About old posts don't have a foursquare, level top. Don't change that. For the best contact and load transfer, reinstall the posts exactly in their original position nether the house beam, with all those old irregularities plumbing equipment like a manus in glove. To preclude any moisture from wicking into the mail service from the plinth, lay sill sealer or galvanized canvas metal between the two. Set the post on its plinth block, matching the mail acme to its prior contact position with the house axle. Then reset the hydraulic jack, lower the shoring postal service, and very slowly open the valve of the hydraulic jack to carefully lower the beam onto the post.
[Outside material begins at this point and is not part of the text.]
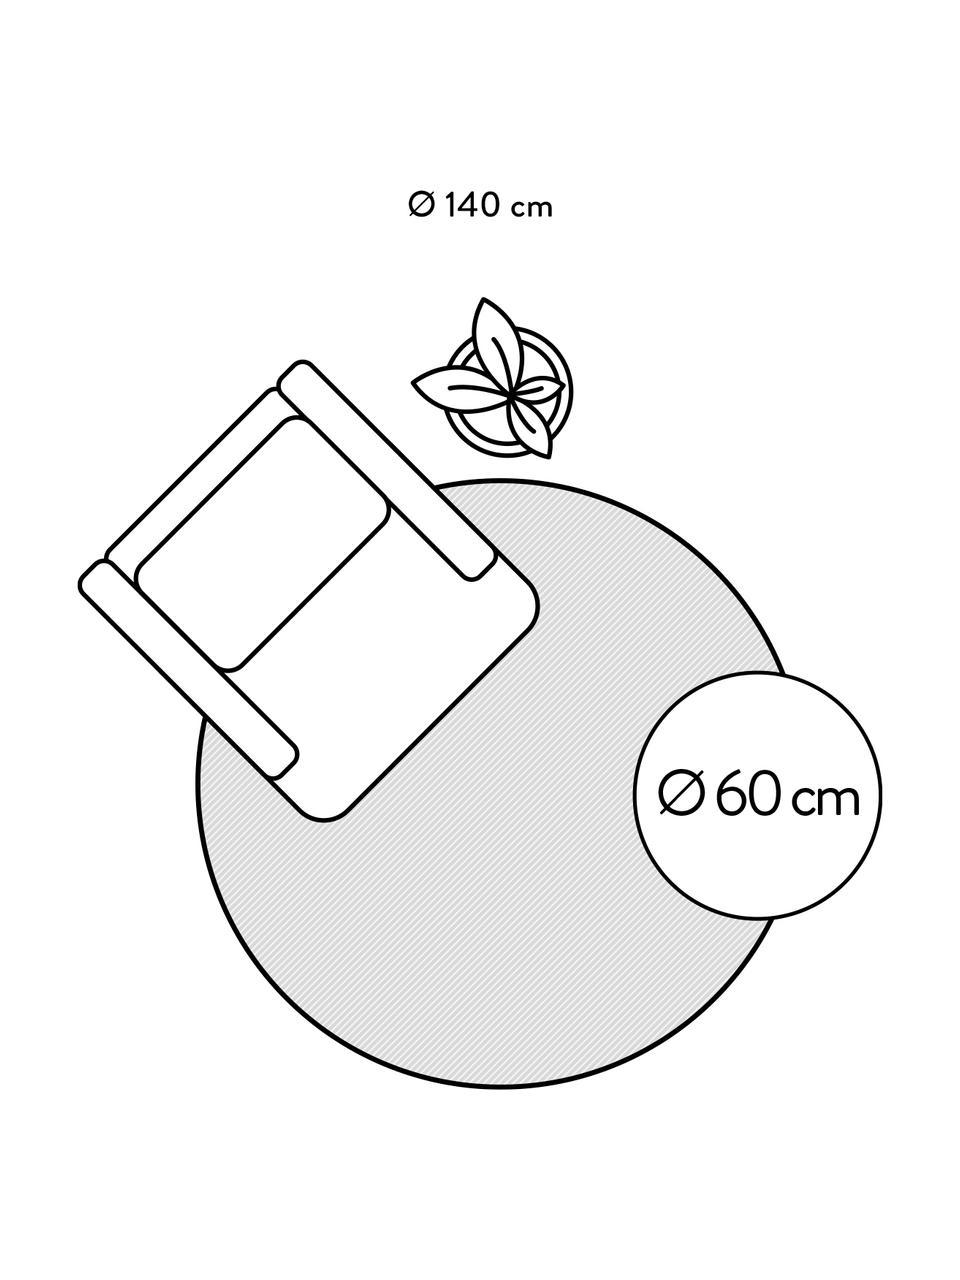 Gemusterter runder In- & Outdoor-Teppich Miami in Grau/Weiß, 86% Polypropylen, 14% Polyester, Weiß, Grau, Ø 200 cm (Größe L)

In your excitement to reset the posts and finish the task, don't take risks. Utilise an assistant and lower the ceiling jack very slowly, leaving the shoring in identify while putting weight onto the posts.

Step 14

Anchor the Post to the Plinth Block

resetting beam post

Using a hammer drill fitted with a masonry bit, predrill two three/16-in. holes ane-1/4 in. deep into opposite sides of the plinth block. Install 1-1/4 in. concrete screws through metal anchor straps into the plinth then blast the straps to the wooden postal service with galvanized 10d box nails.

Step 15

Fasten the Beam and Mail Together

galvanized t connector strap post load bearing steel support beams

Join the support beam and wood load bearing post by toenailing them together and attaching two metal T-braces to opposite sides of the axle with galvanized 10d box nails. One time that'due south done and the support strapping is reinstalled on all gas, electric, plumbing and heating lines, you'll have the satisfaction of completing a job that will final for the life of the house.

Plus: Learn how to install a load-begetting beam here.